前提是你 提交于 2019-12-12 02:09:50

问题


I have a very interesting problem:

I have a MySQL table 'Venue' with fields: 'name', 'addressLine1', 'addressLine2', 'addressLine3', 'city', 'country', 'description'; all fields are VARCHAR. 'description' is a larger text field.

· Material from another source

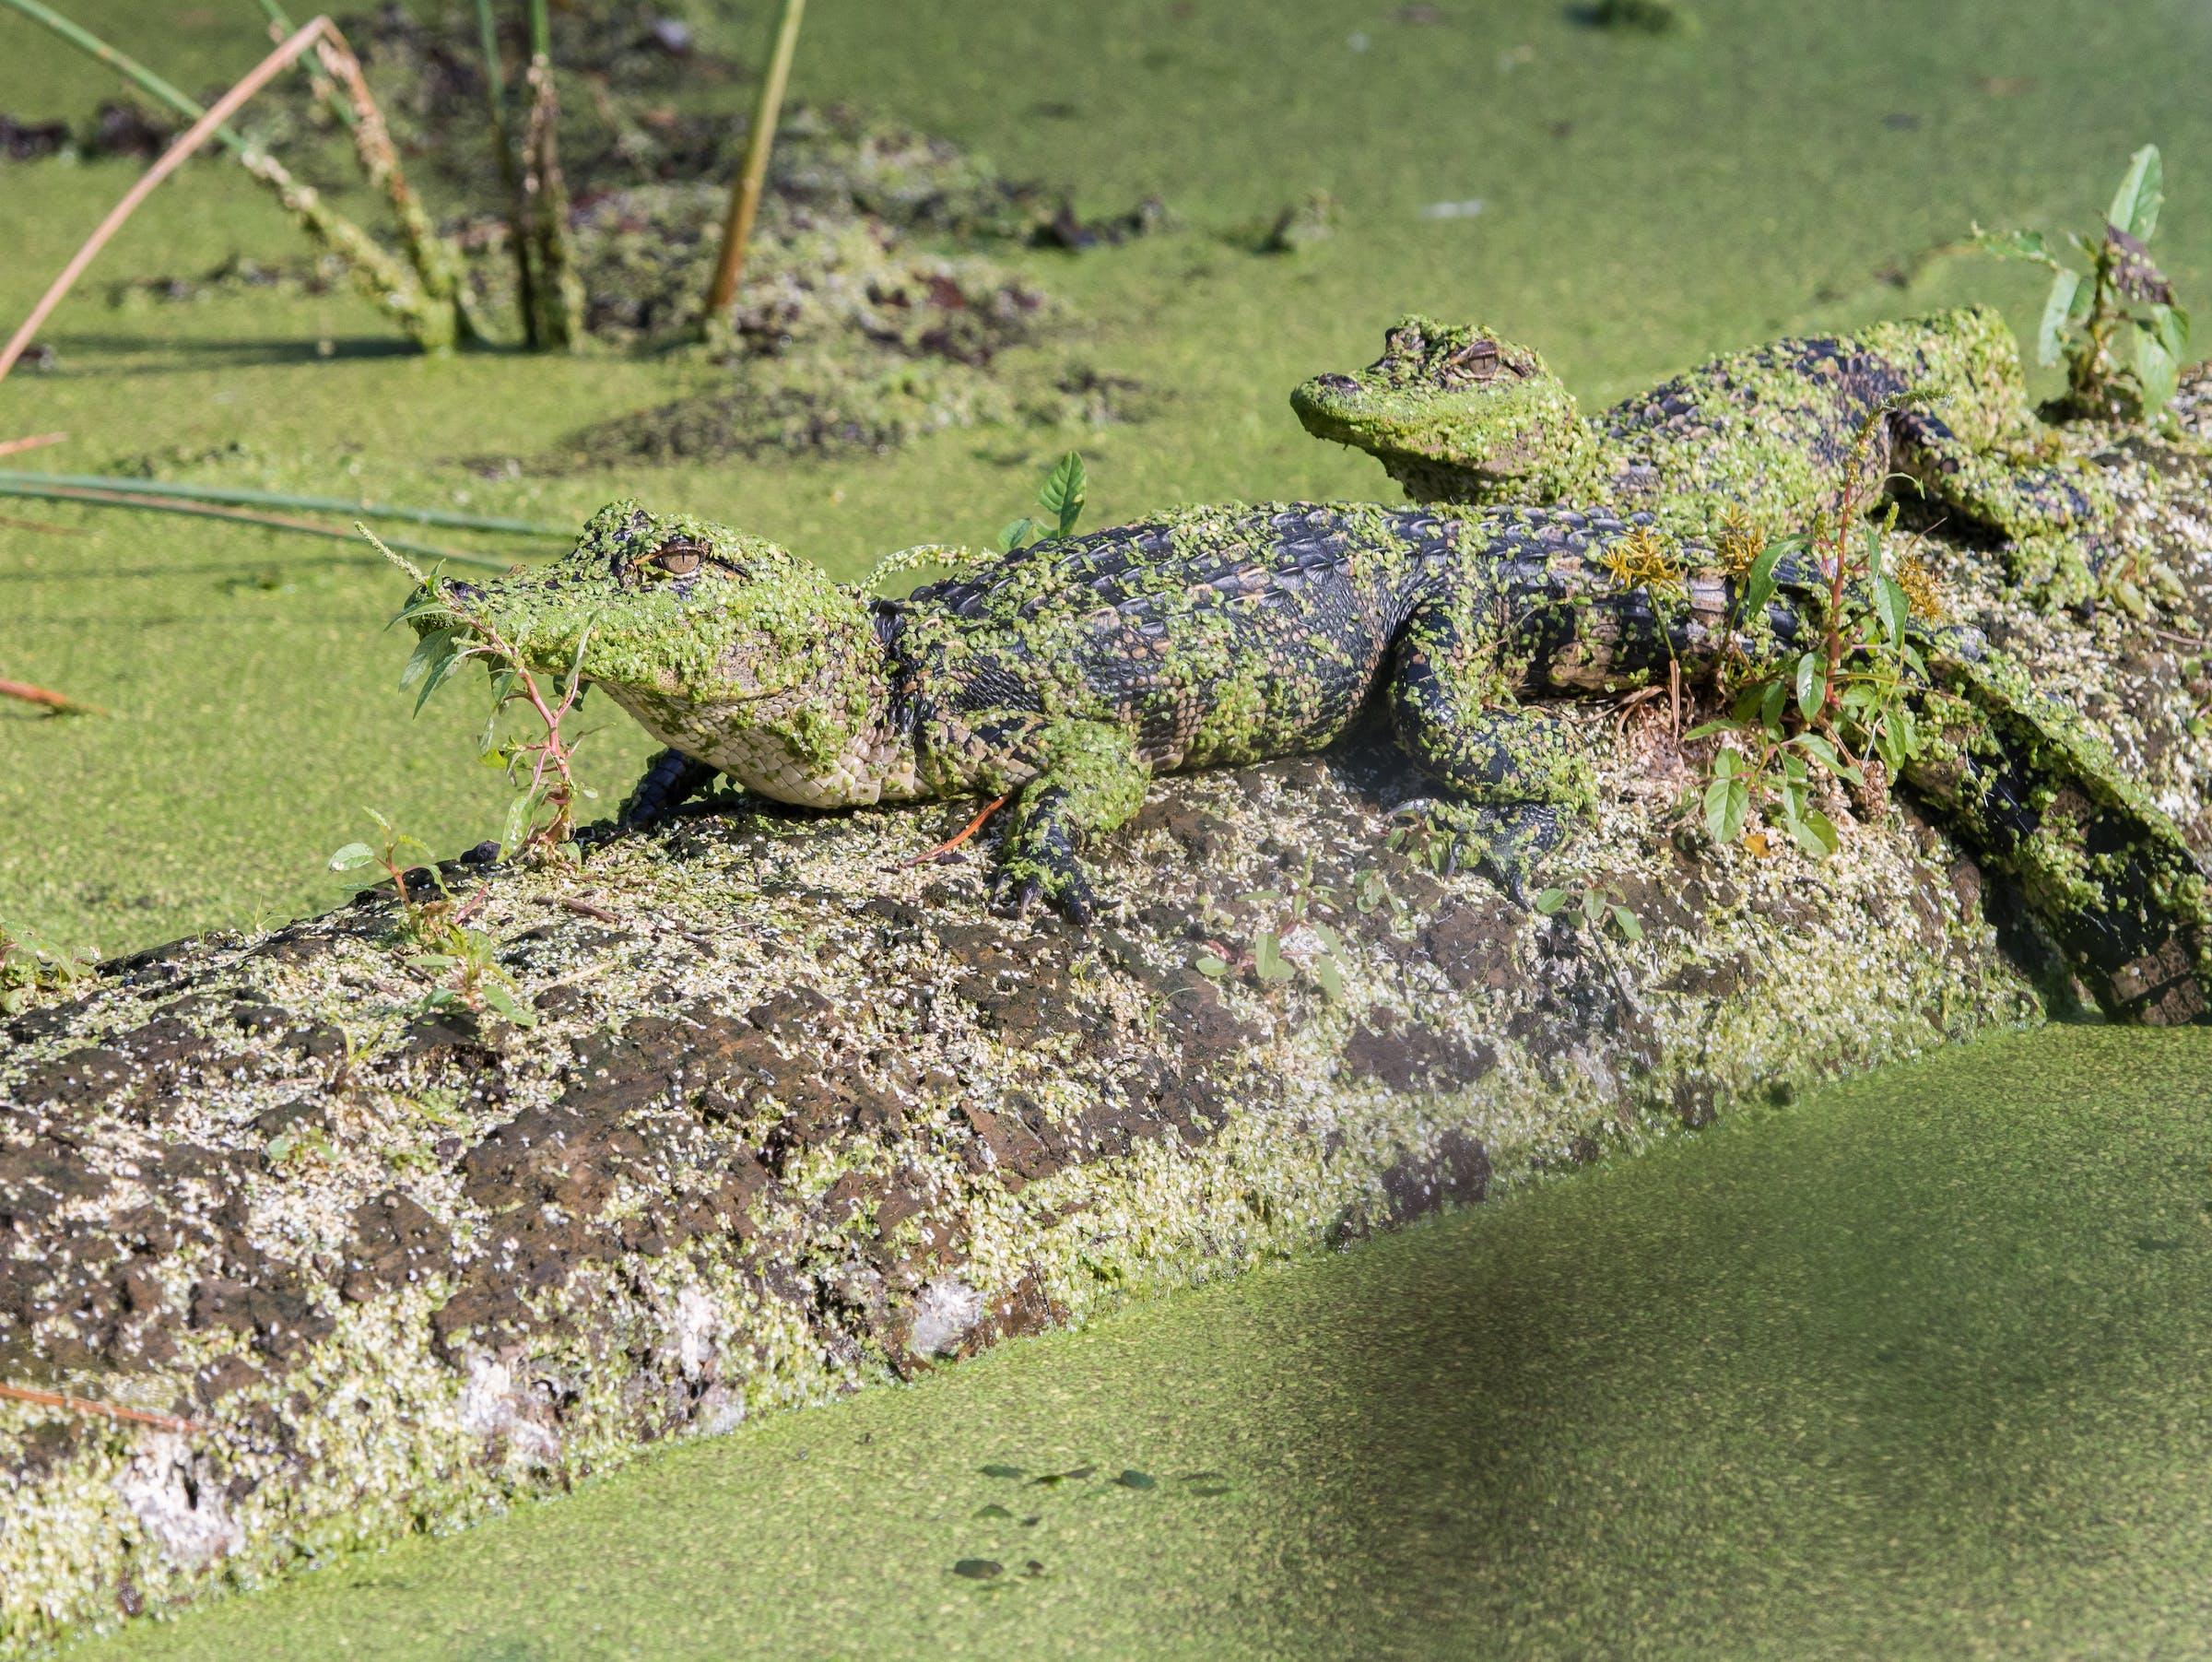 Juvenile American Alligators (Alligator mississippiensis)

What I would like to do is a fuzzy search on table Venue. So far I am using:

SELECT * FROM Venue WHERE MATCH(name, addressLine1,..., description) AGAINST("London" IN NATURAL LANGUAGE MODE).

I can also sort this query based on the MATCH score.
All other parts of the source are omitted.